Taape Tillmann, Smith Pamela H, Uchacz Tianna Helena
Columbia University - History, 511 Fayerweather Hall, MC 2509, 1180 Amsterdam Avenue, New York, NY, 10027, USA.
Ber Wiss. 2020 Sep;43(3):323-340. doi: 10.1002/bewi.202000004.
What are historians doing in the laboratory? Looking back over six years of collaborative work, researchers of the Making and Knowing Project at Columbia University discuss their experience with hands-on reconstruction as a historical method. This work engages practical forms of knowledge-from pigment-making to metal casting-recorded in the BnF Ms.

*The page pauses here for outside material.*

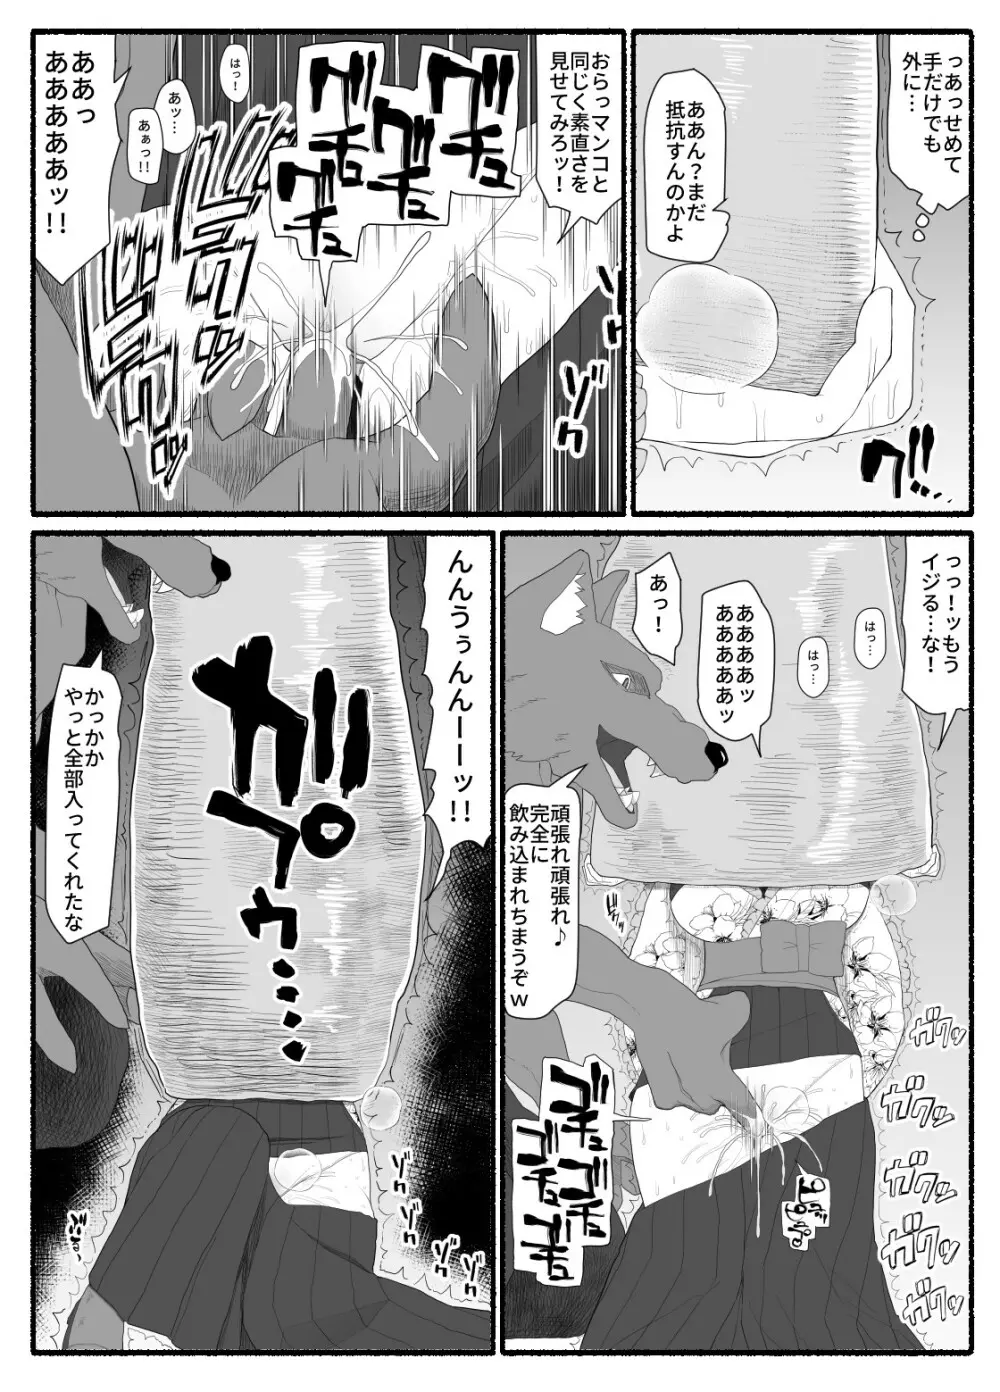 魔法少女vs淫魔生物6 16ページ

Fr. 640, an anonymous French manuscript compiled in the later sixteenth century. Bodily encounters with materials and processes of the past offer insights into the material and mental worlds of early modern artists and artisans, and train the eye in the interpretation of historical objects. At the same time, reconstruction contributes to the interpretation of the text: it is only by attempting to implement the instructions of practical or recipe literature that these texts can be understood as vehicles of emergent knowledge that only fully manifests itself in the doing. Overall, our approach to reconstruction mirrors that of the anonymous author-practitioner, who explored a wide range of techniques through experimenting and writing.
历史学家在实验室里做什么?回顾六年的合作工作,哥伦比亚大学“制作与认知项目”的研究人员讨论了他们将亲身实践重建作为一种历史研究方法的经验。这项工作涉及各种实践知识形式——从颜料制作到金属铸造——这些知识记录在法国国家图书馆编号为Fr. 640的手稿中,这是一本16世纪后期编纂的匿名法国手稿。亲身接触过去的材料和工艺,能让我们深入了解早期现代艺术家和工匠的物质世界与精神世界,并训练我们解读历史文物的眼力。同时,重建工作有助于对文本的解读:只有尝试按照实践或食谱文献中的说明去做,这些文本才能被理解为新兴知识的载体,而这种知识只有在实践中才能完全展现出来。总体而言,我们的重建方法与那位匿名作者兼从业者的方法相呼应,后者通过实验和写作探索了广泛的技术。